Mirabaud is an international banking and financial group based in Geneva, Switzerland. Founded in 1819, it gradually developed into the third largest private bank in the city.

Six partners are involved in the group's day-to-day management. Mirabaud provides services in wealth management, asset management and brokerage to private clients and institutions around the world.

History

Mirabaud et Cie was founded in 1819 and is one of the oldest banks in Switzerland. Family-owned and operated, the bank has played a key part in the construction and development of the Swiss financial system, helping co-found the Geneva Stock Exchange in 1857.

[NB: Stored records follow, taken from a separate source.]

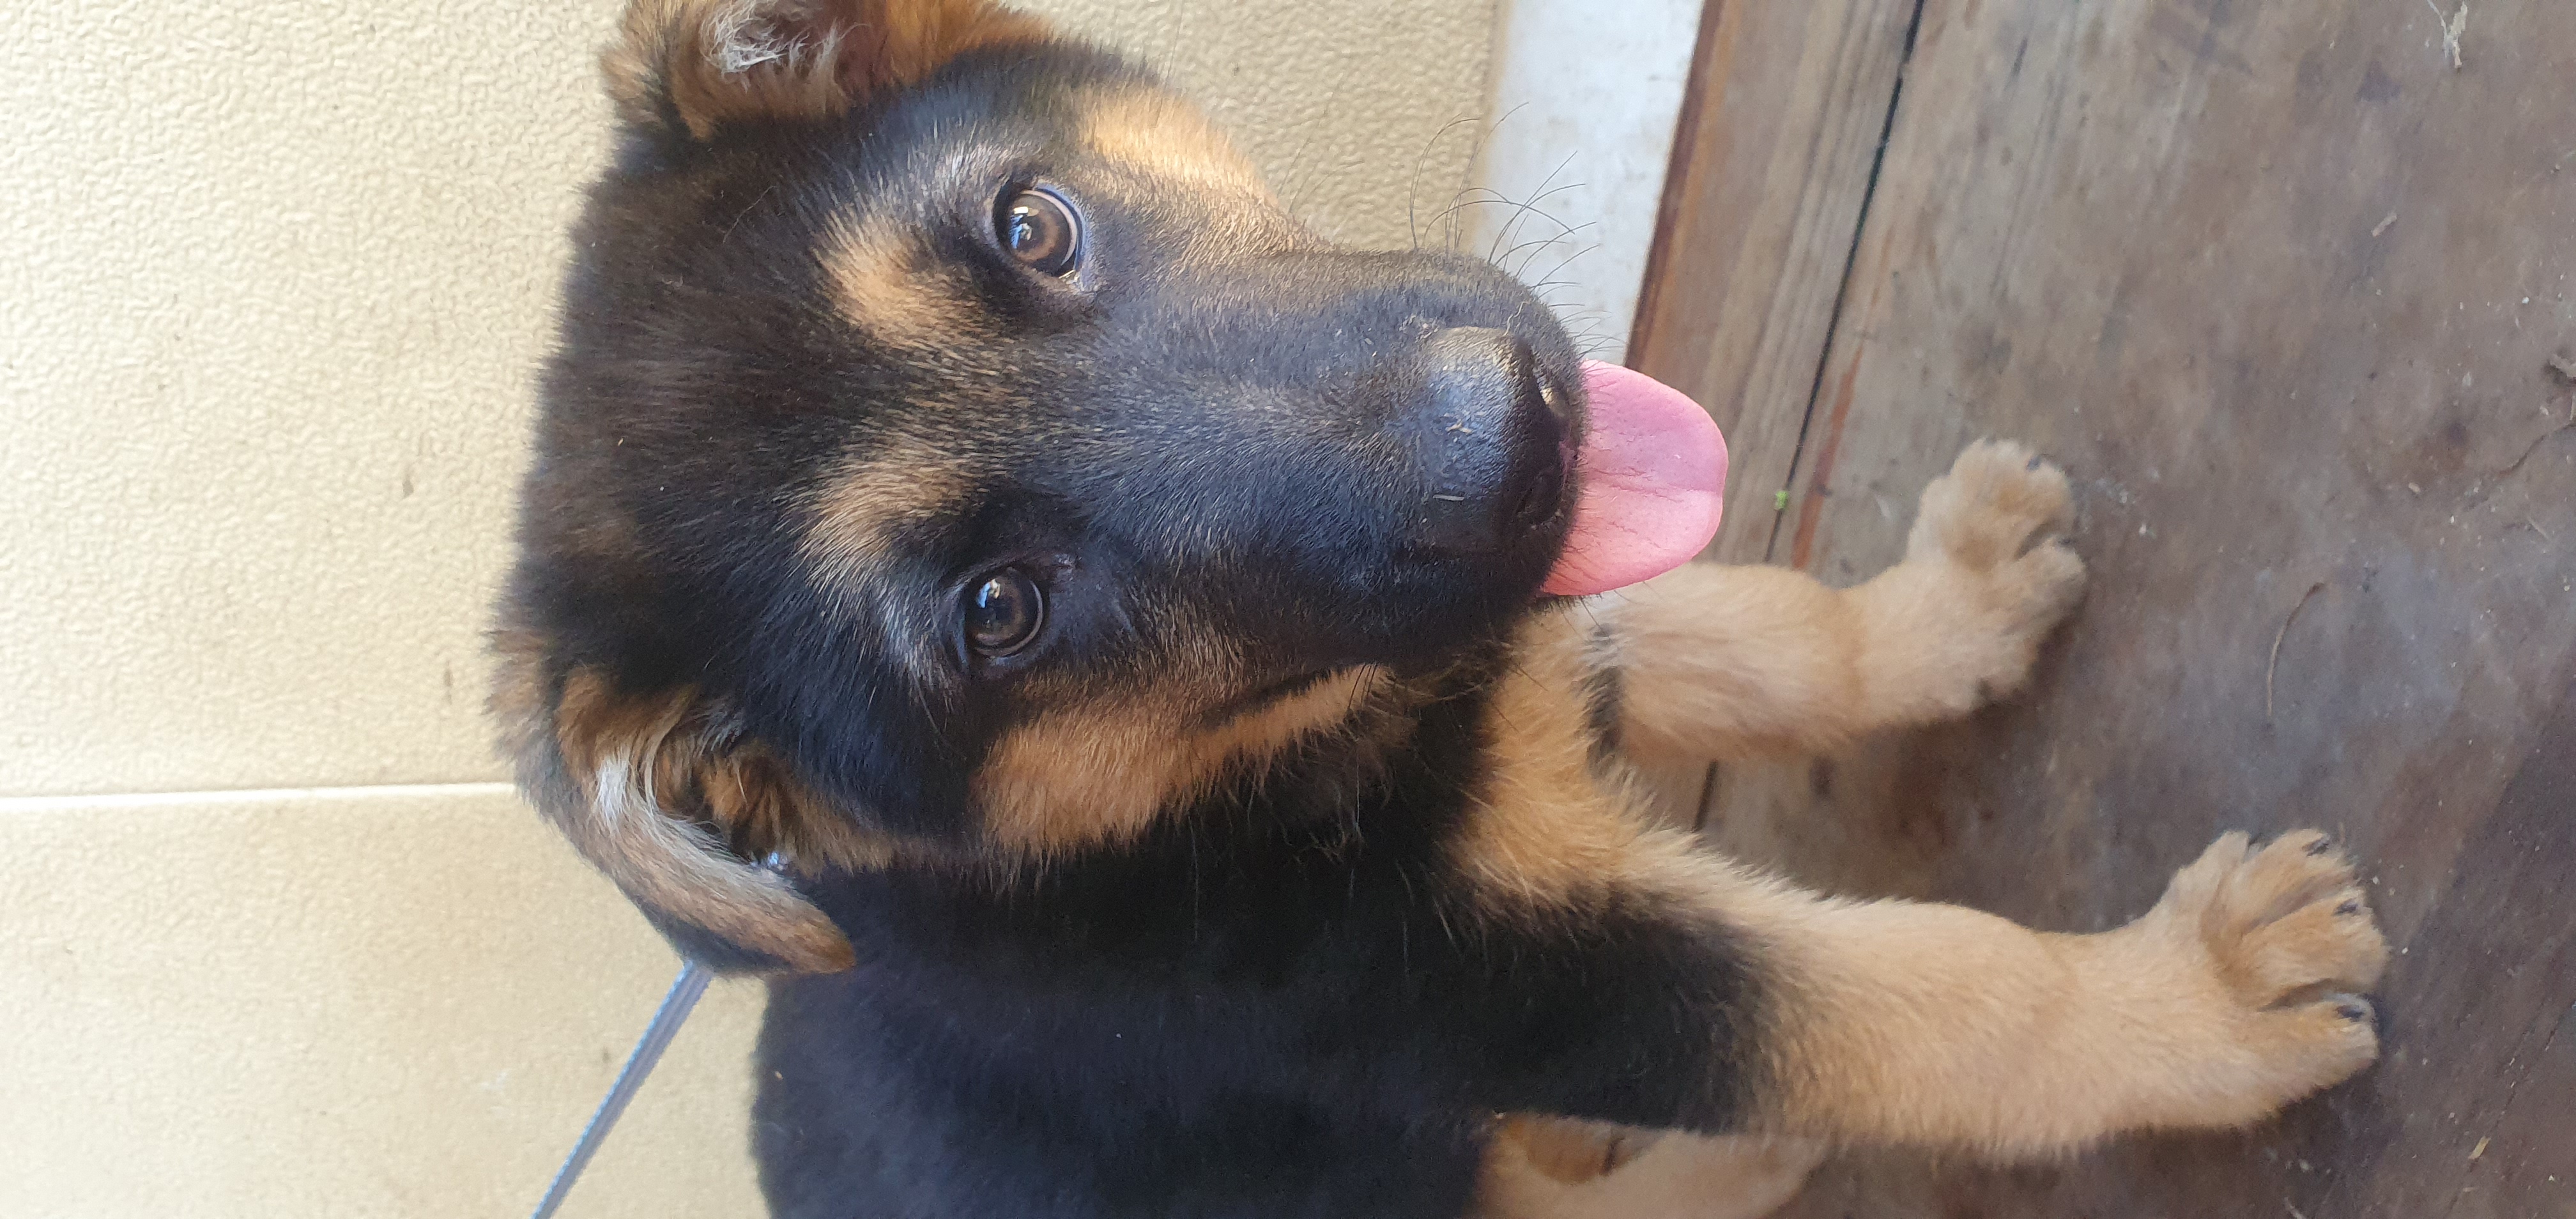 Pure German Shepherd pups available
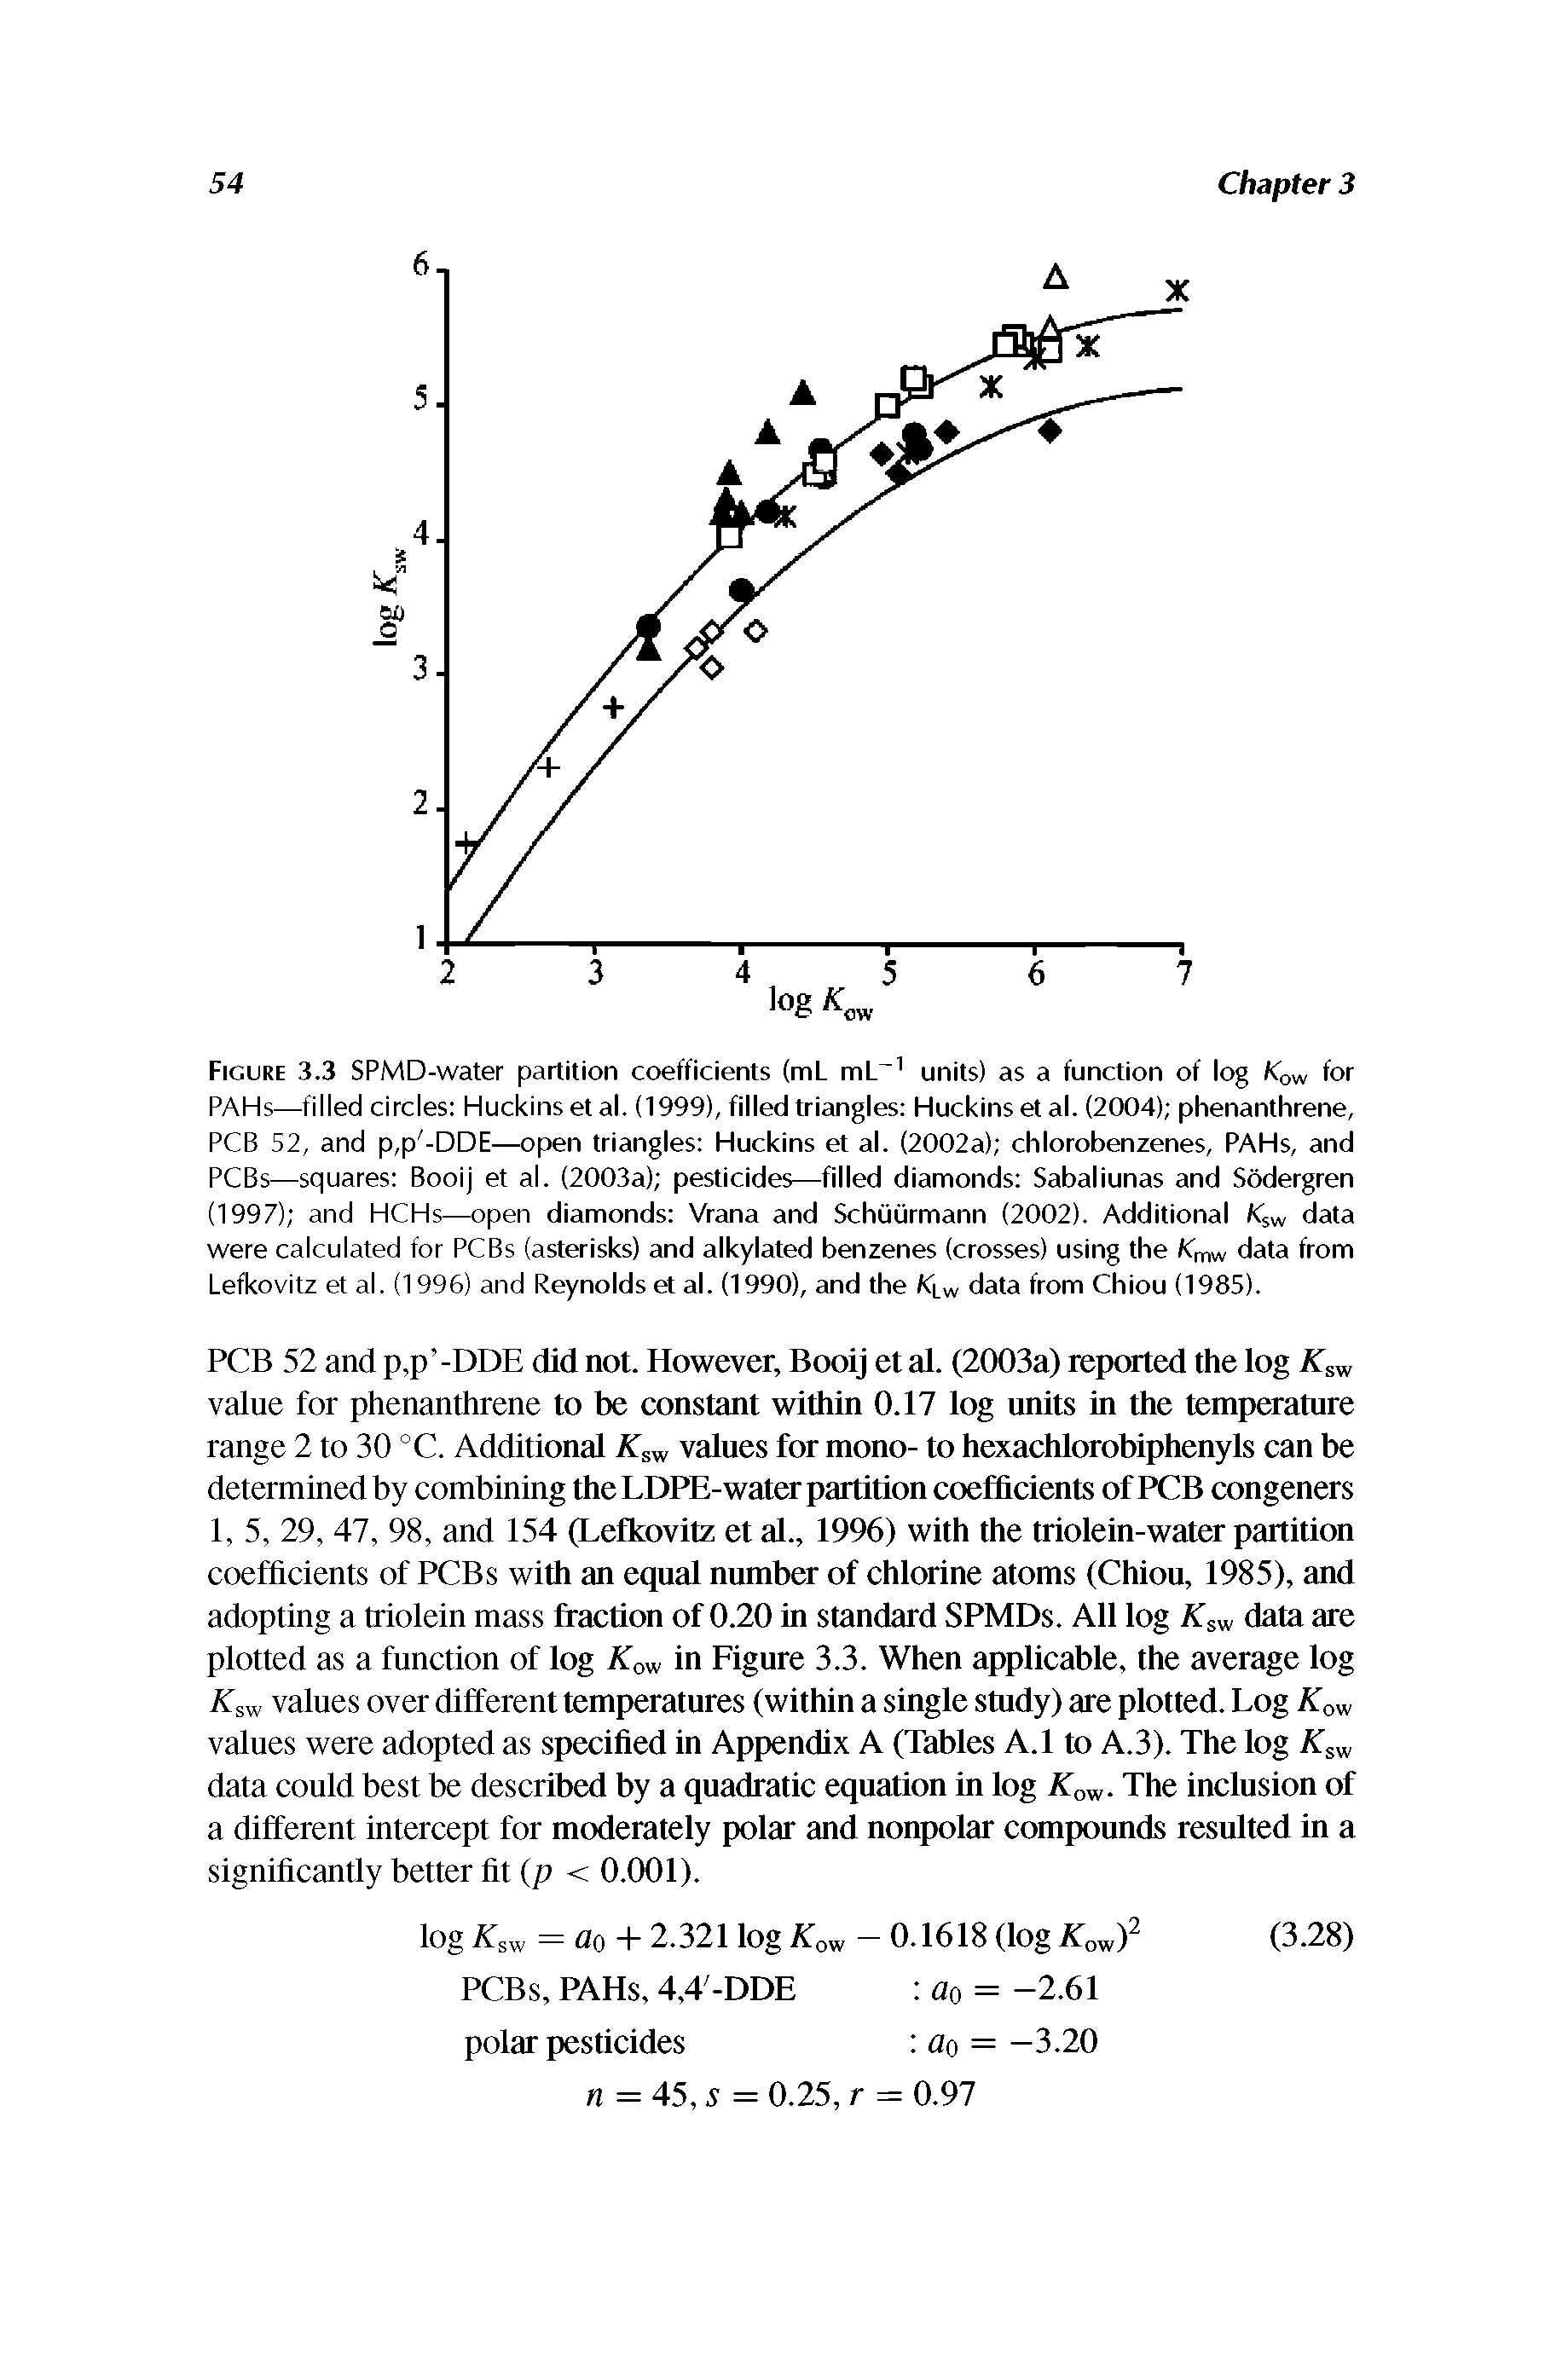 Figure 3.3 SPMD-water partition coefficients (ml mL units) as a function of log Kqw for PAHs—filled circles Huckins et al. (1999), filled triangles Huckins et al. (2004) phenanthrene, PCB 52, and p,p -DDE—open triangles Huckins et al. (2002a) chlorobenzenes, PAHs, and PCBs—squares Booij et al. (2003a) pesticides—filled diamonds Sabaliunas and Sodergren (1997) and HCHs—open diamonds Vrana and Schiiurmann (2002). Additional kjw data were calculated for PCBs (asterisks) and alkylated benzenes (crosses) using the fCmw data from Lefkovitz et al. (1996) and Reynolds et al. (1990), and the data from Chiou (1985).
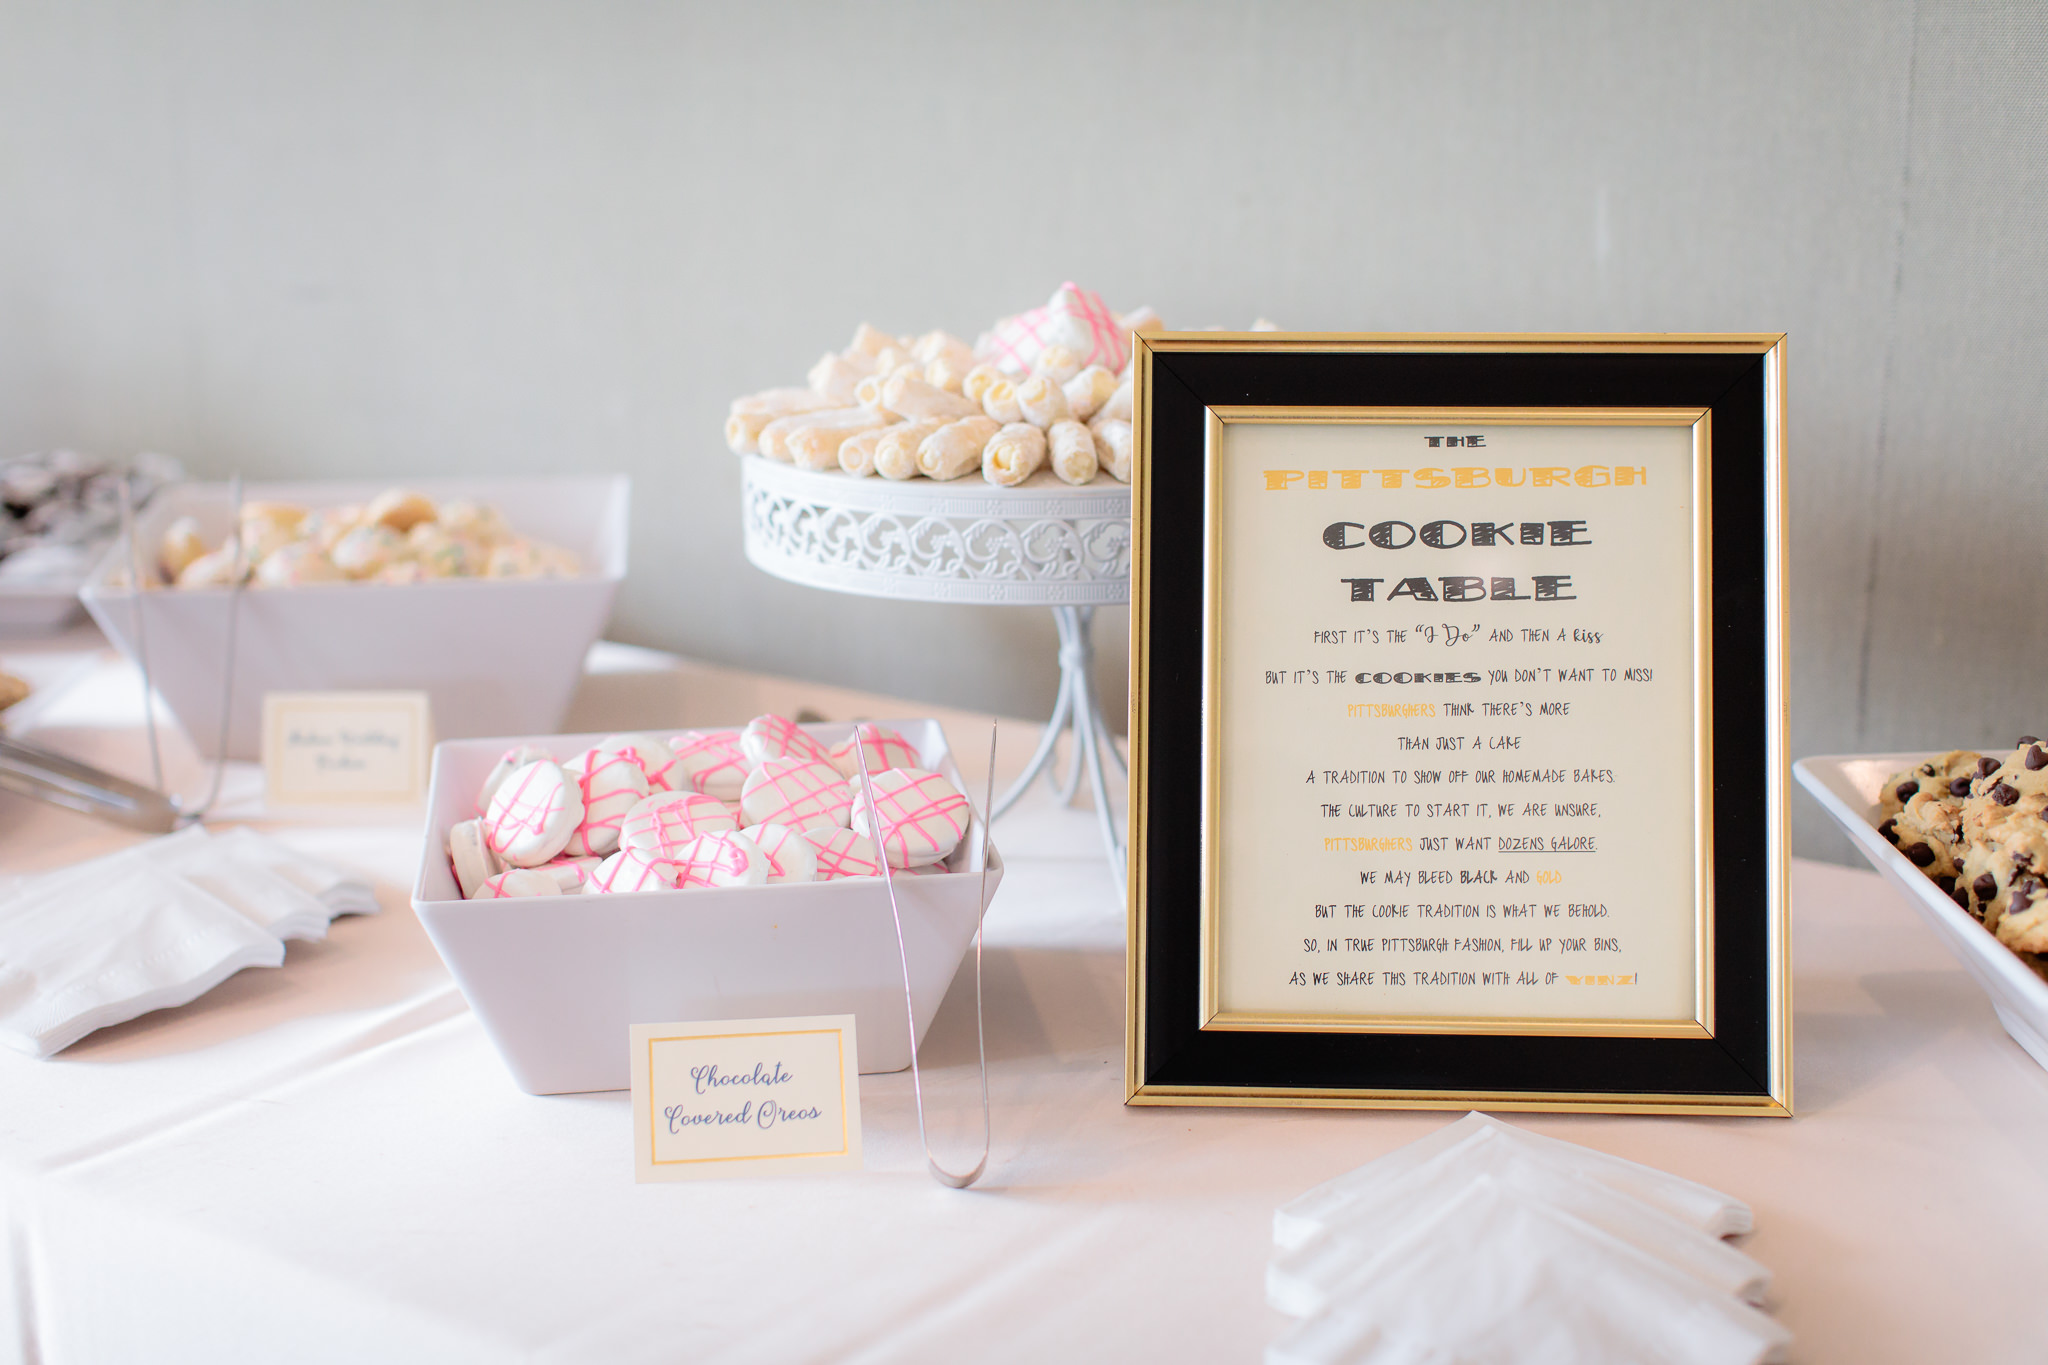 Pittsburgh cookie table sign at a Duquesne University wedding reception

In 1973, it pioneered the development of Swiss hedge funds. In 1985, Mirabaud opened its first foreign bureau in Montréal, followed in 1990 by the reinforcement of its historical presence in London 

The first Asian office was opened in Hong Kong in 1997 and one year later, the bank reinforced its presence in Switzerland by opening its first subsidiary in Zurich.

In 2001, Mirabaud significantly grows its asset management teams in Geneva and London. The same year, the Group creates LPP Gestion SA  to operate in the field of liability management services for pension funds. 

From 2003 onwards the Group continues to solidify its presence in the EU, Switzerland, and the Middle East: a new subsidiary opens in Paris, a majority stake in Jenni & Cie (Basel) is purchased in 2004, and another banking office opens in Dubai in 2007. 

In 2010, the Group acquires Venture Finanzas in Spain and pursues its strategic implantation by opening offices in Madrid, Barcelona, Valencia and Seville.

In 2011, Mirabaud consolidates its asset management activities in Luxembourg by creating Mirabaud Asset Management (Europe) SA. A bank (Mirabaud & Cie (Europe) SA) follows in 2014. In 2015, the Group announces the acquisition of two further banking licenses in Spain and France.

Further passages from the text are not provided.